Methods: We evaluated 20 asymptomatic patients, <60 years old, treated with RT at least 5 years prior to enrollment. Nine received RT to the left and 11 to the right chest wall. The median interval between RT and calcium scan was 8 years. All patients were treated with external beam RT using tangential technique. All patients underwent MDCT to compute volumetric and Agatston calcium scores of the coronary arteries and the aorta.

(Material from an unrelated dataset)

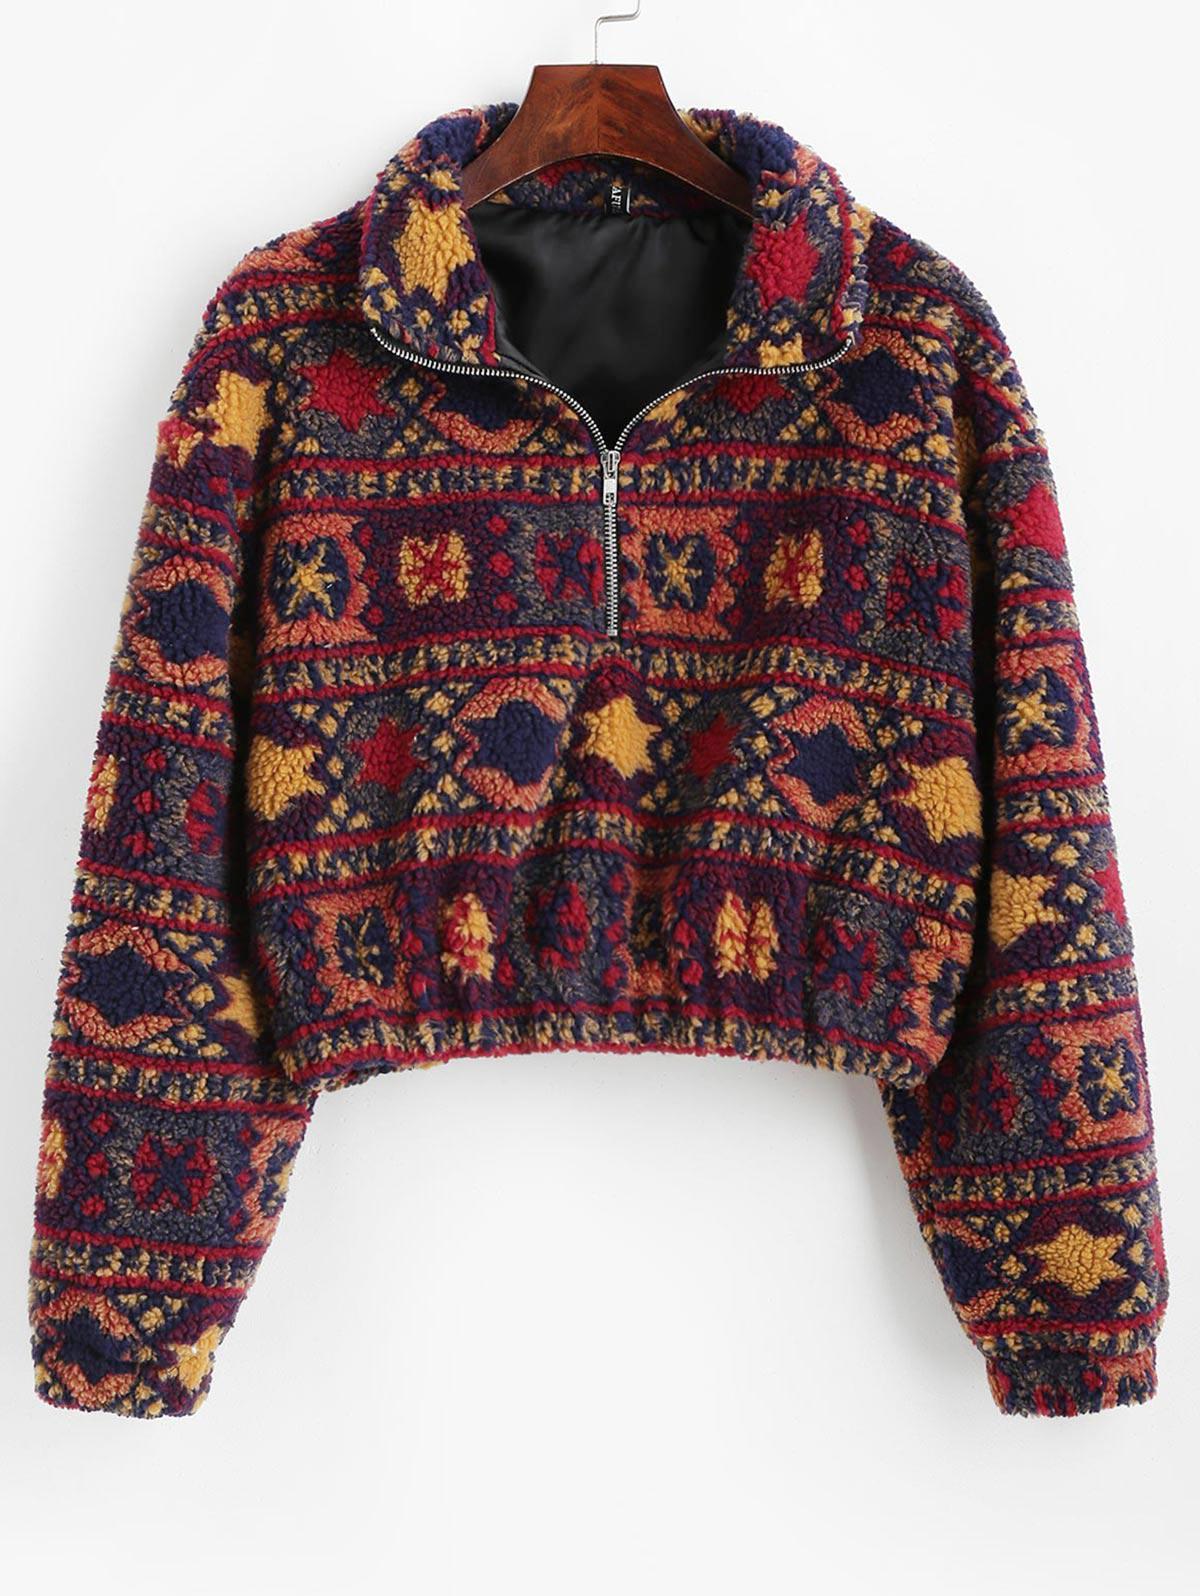 Sweat-shirt Tribal Imprimé à Demi-Zip M - Zaful FR - Modalova

Results: Eleven patients had RT to the right chest wall, and eight had a calcium score of 0, while two had minimally elevated scores and one patient had a significantly elevated score. Meanwhile nine patients had RT to the left chest wall, and seven had a calcium score of 0. None had significantly elevated scores. In the aorta, 11 of 20 patients had a score of 0, while 8 of 20 had minimally elevated scores.
Conclusion: In contrast to studies demonstrating increased cardiovascular morbidity, our pilot study did not detect significant occult atherosclerosis using MDCT of the coronaries and aorta of patients assessed five or more years following radiation for treatment of breast cancer.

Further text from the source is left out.